+++ Given data +++

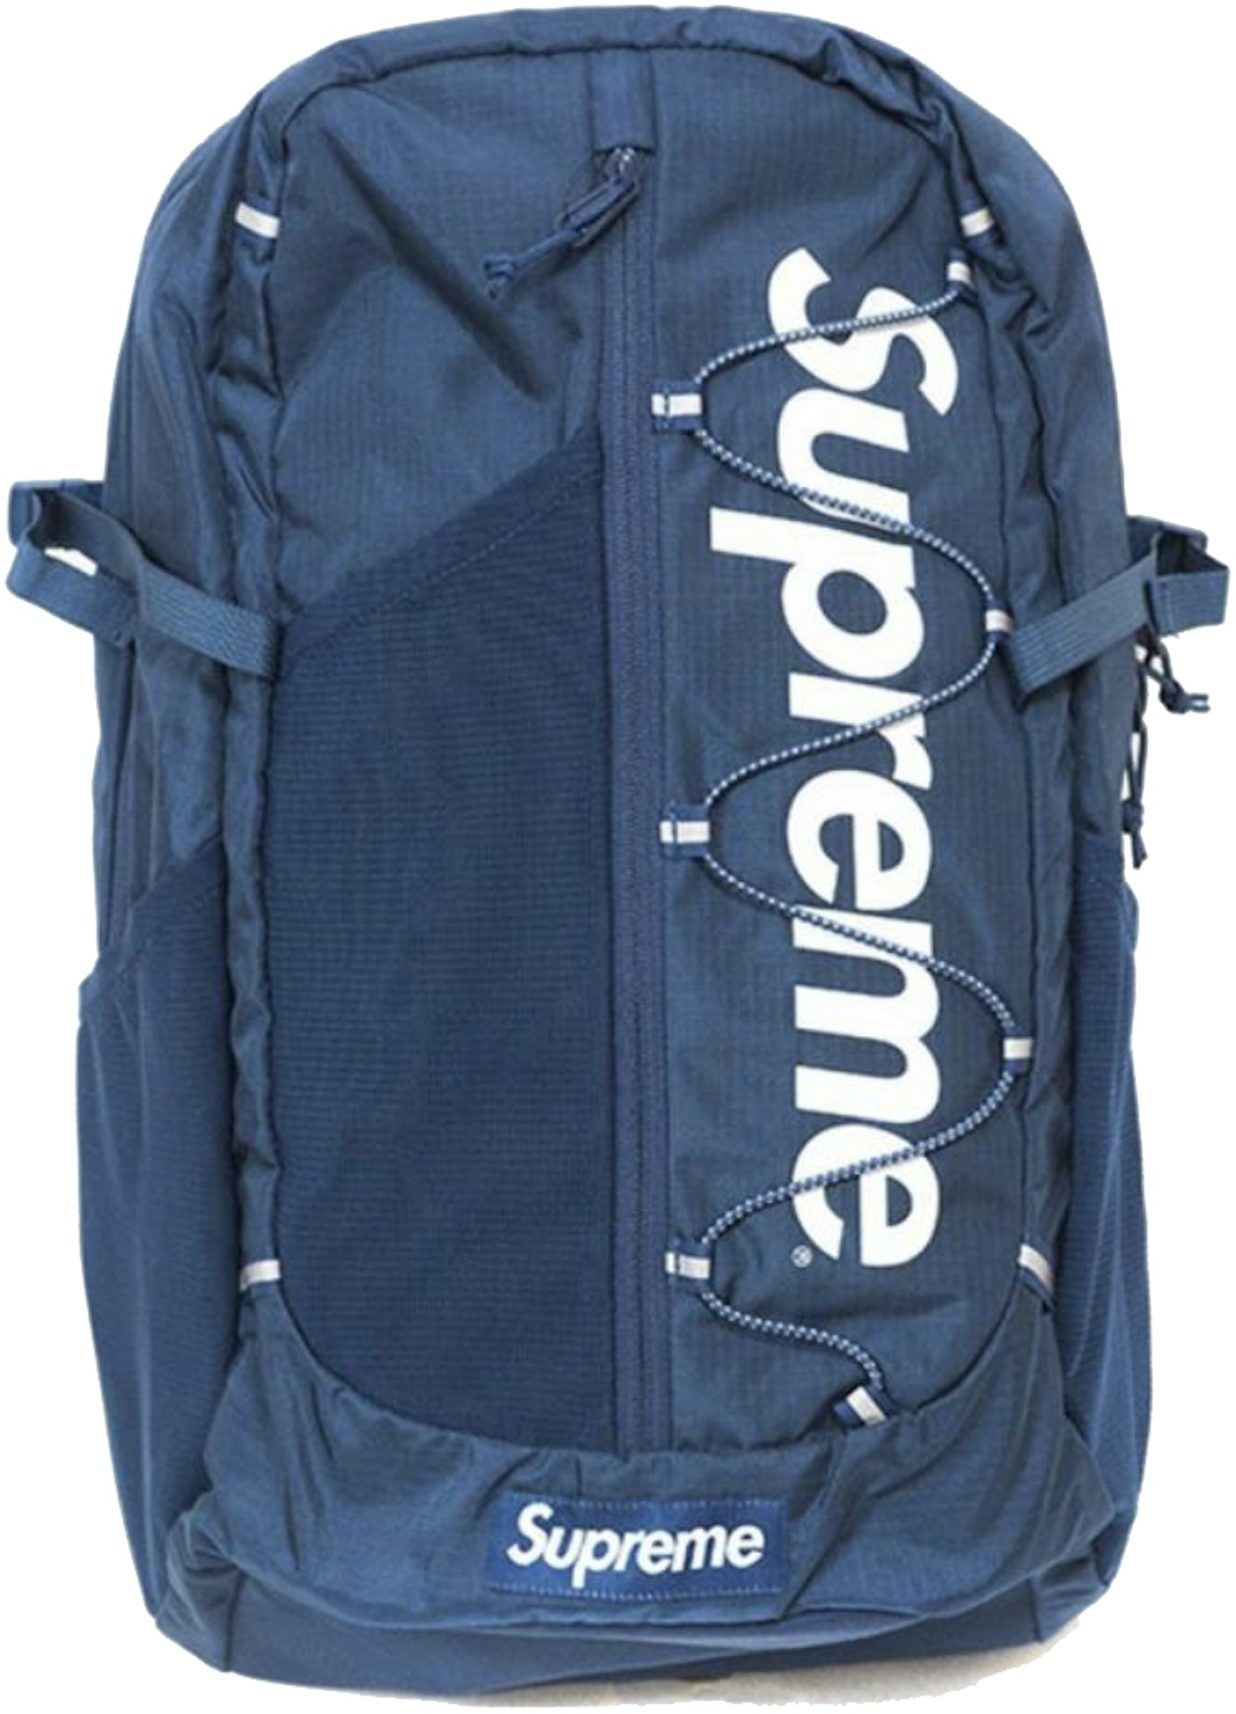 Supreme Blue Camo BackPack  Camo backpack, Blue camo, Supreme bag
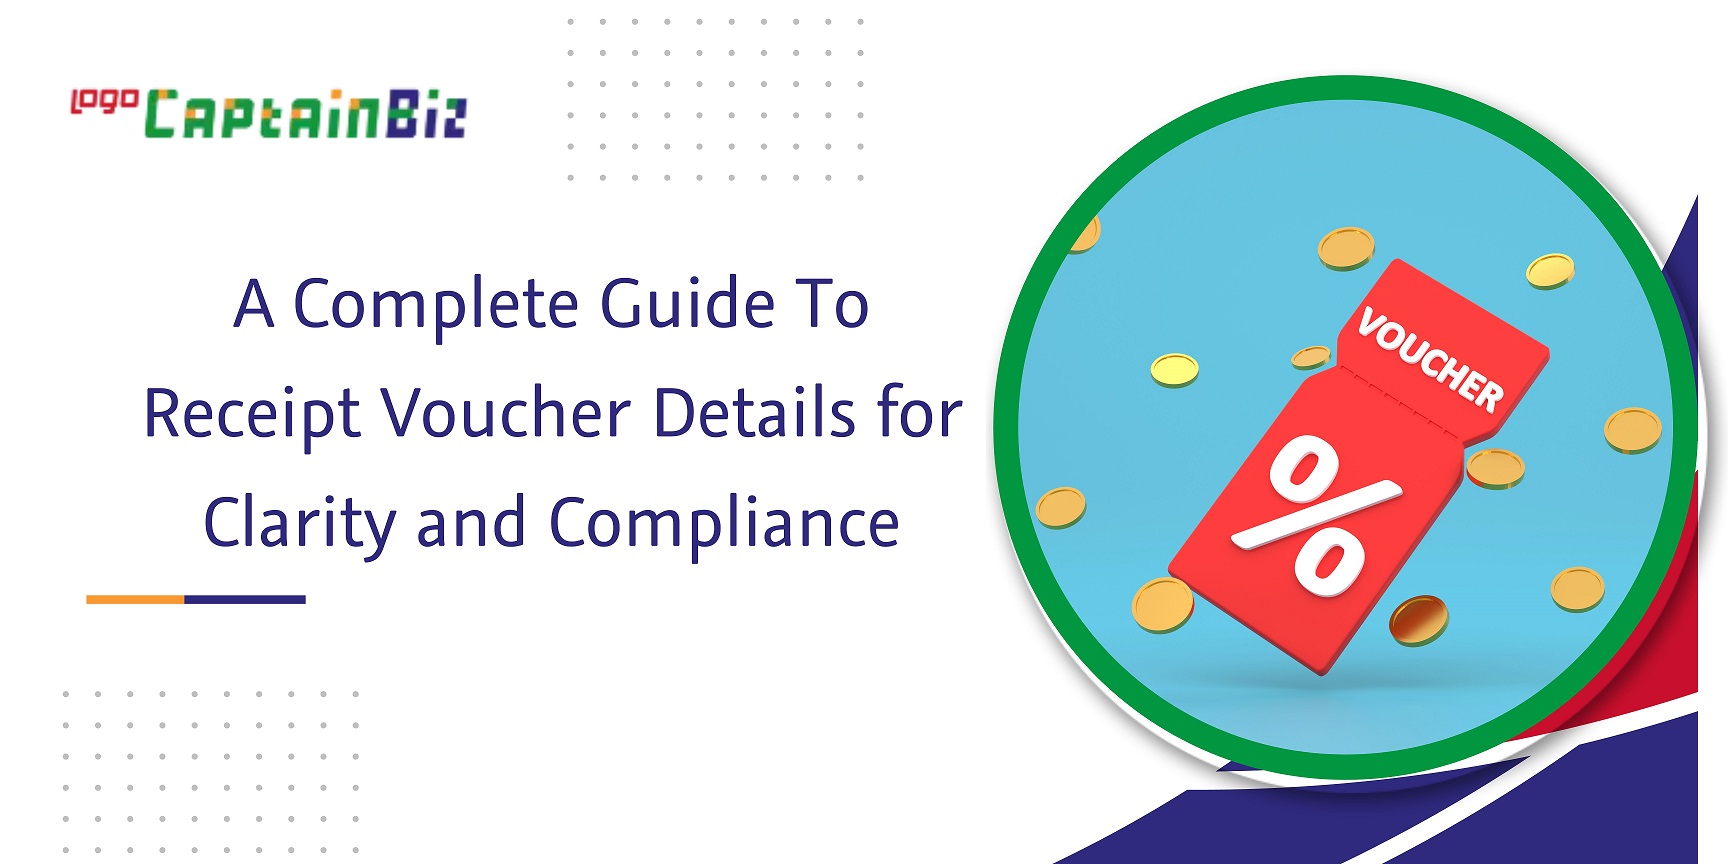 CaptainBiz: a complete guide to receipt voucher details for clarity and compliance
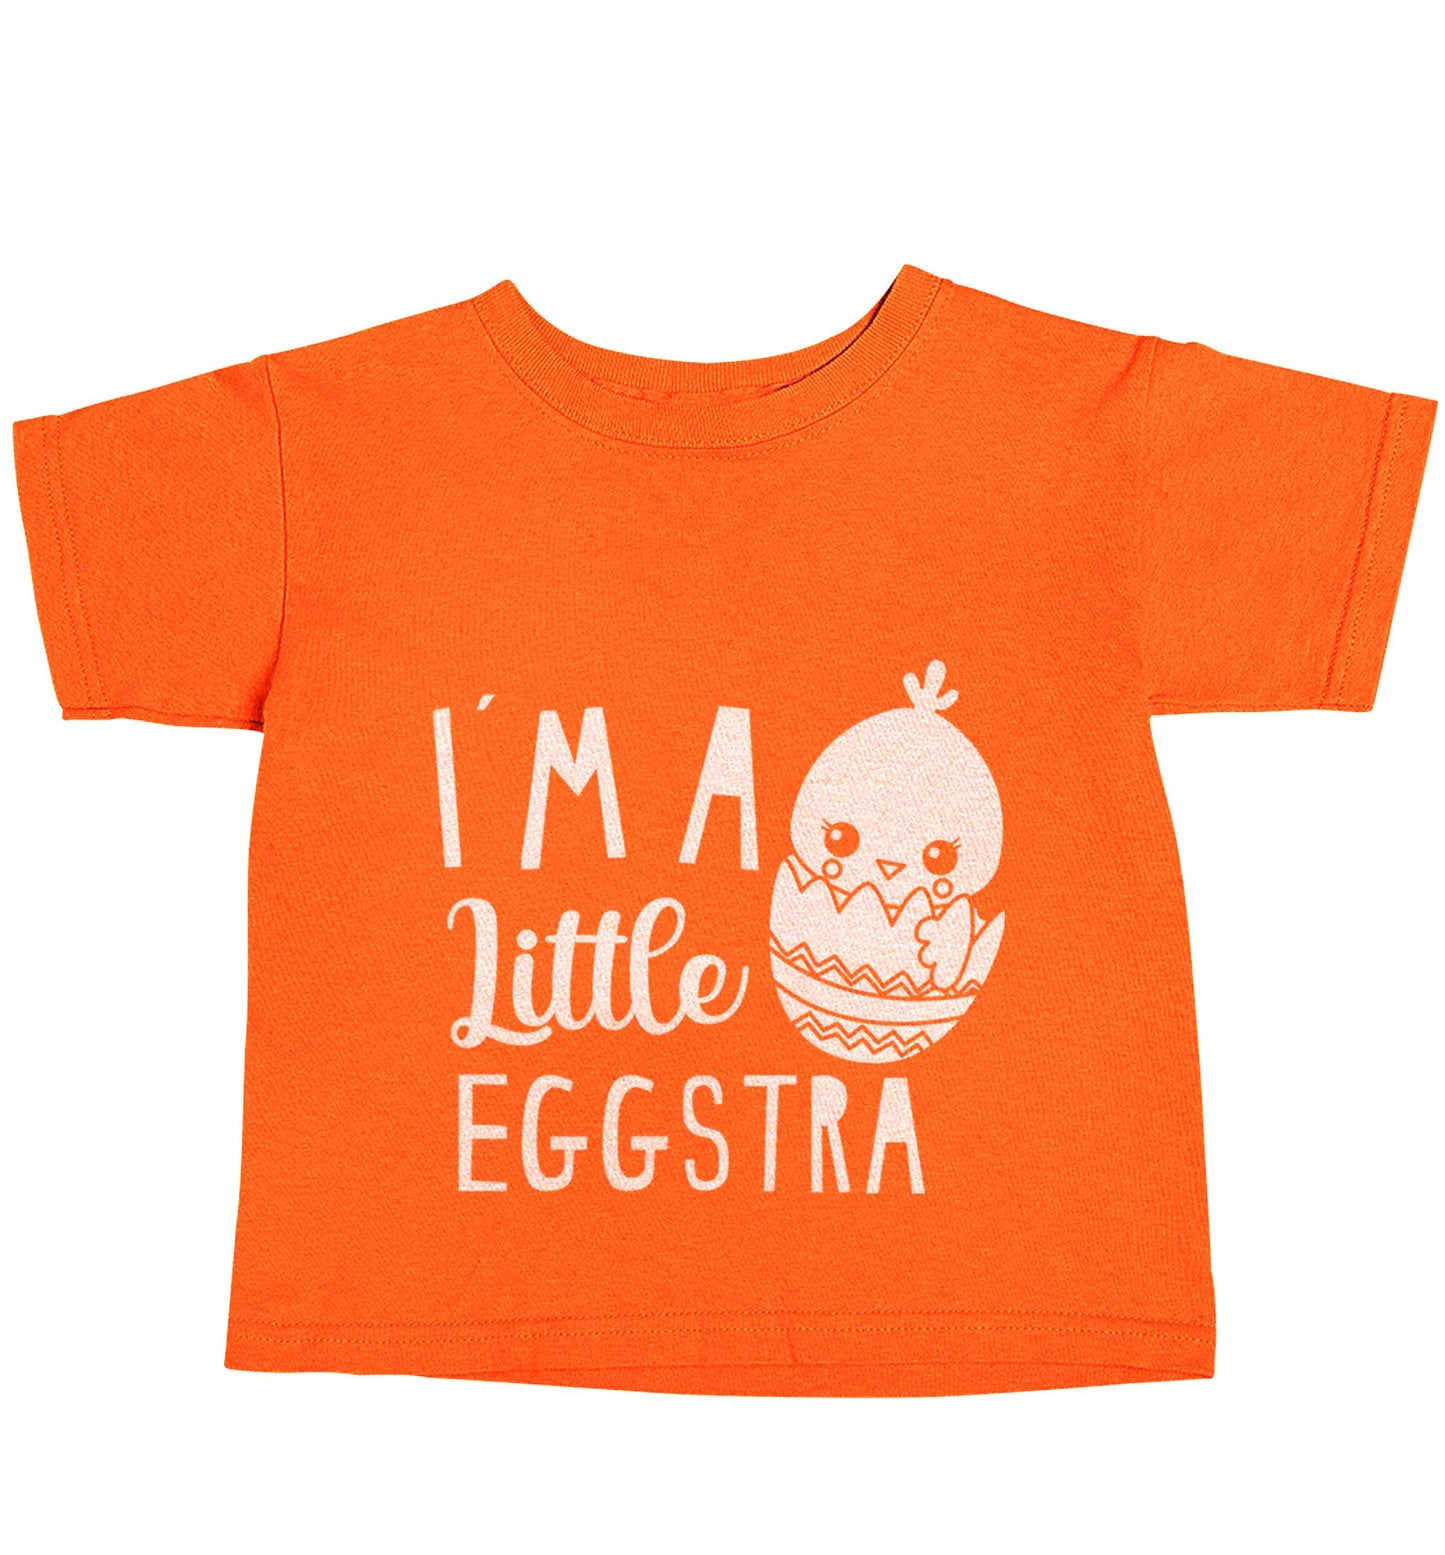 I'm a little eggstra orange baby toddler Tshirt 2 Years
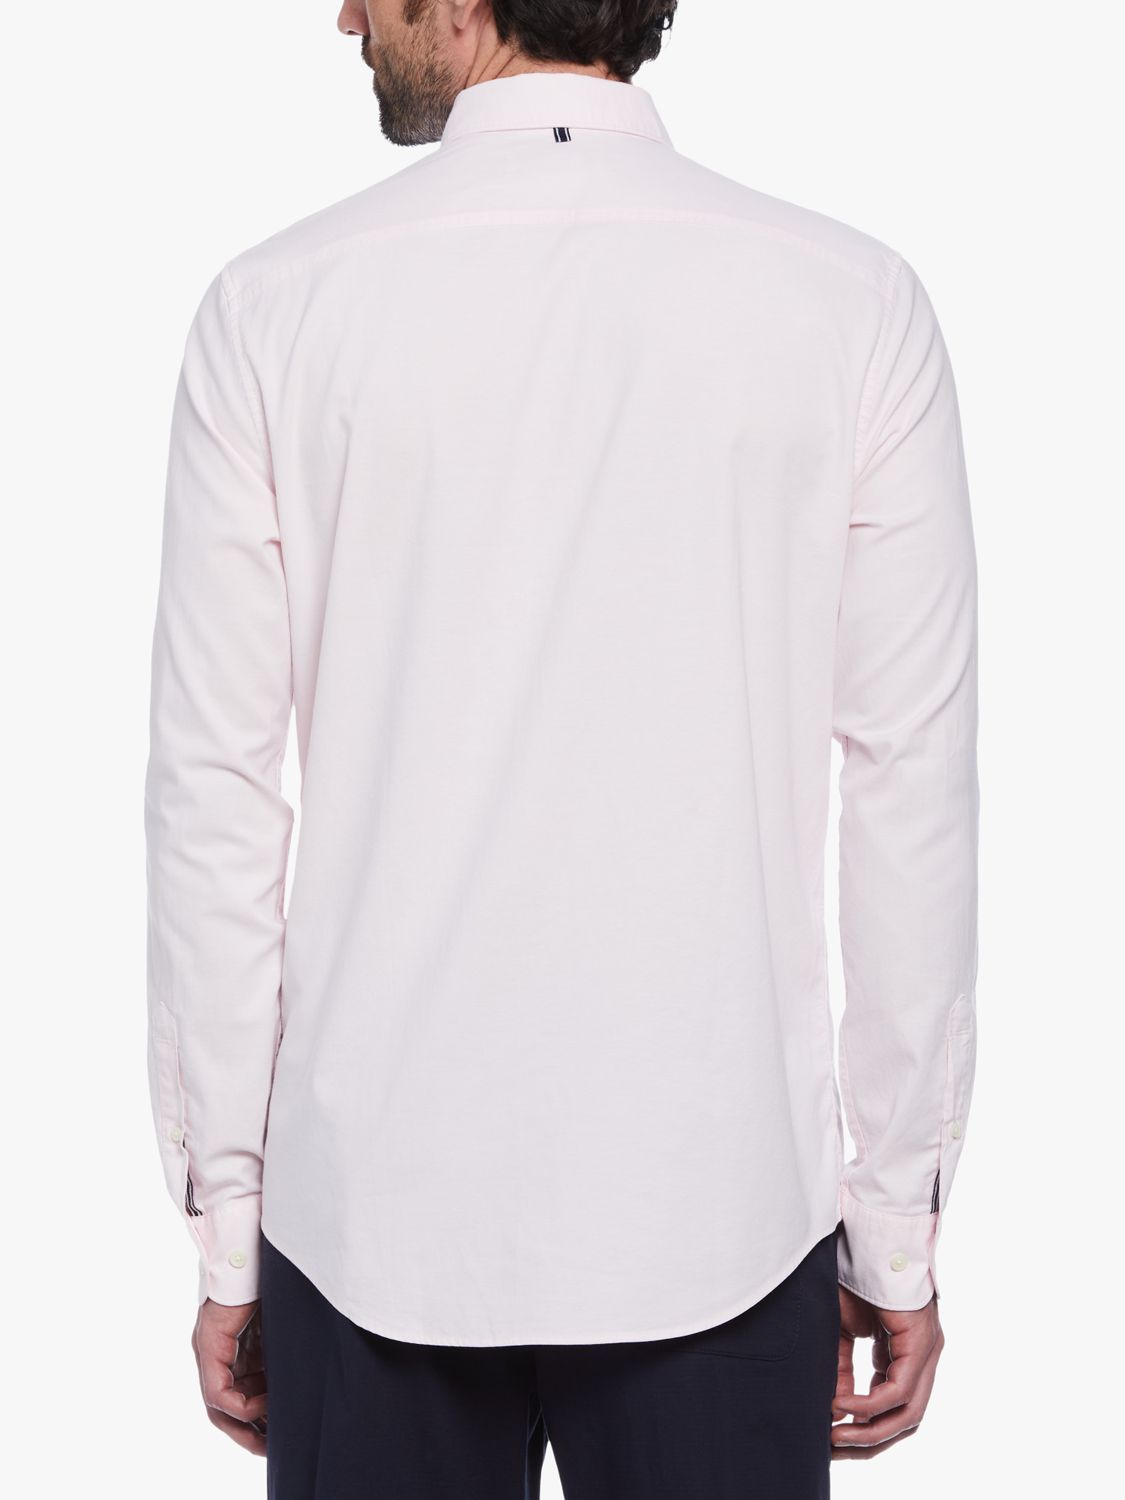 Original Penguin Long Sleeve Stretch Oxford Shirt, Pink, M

+++

Directions ▸
Down to the last line, set down the data above exactly, and omit all images.

Answer for the task ▸
 Supreme Blue Camo BackPack  Camo backpack, Blue camo, Supreme bag
 CaptainBiz: a complete guide to receipt voucher details for clarity and compliance
 I'm a little eggstra orange baby toddler Tshirt 2 Years
 Original Penguin Long Sleeve Stretch Oxford Shirt, Pink, M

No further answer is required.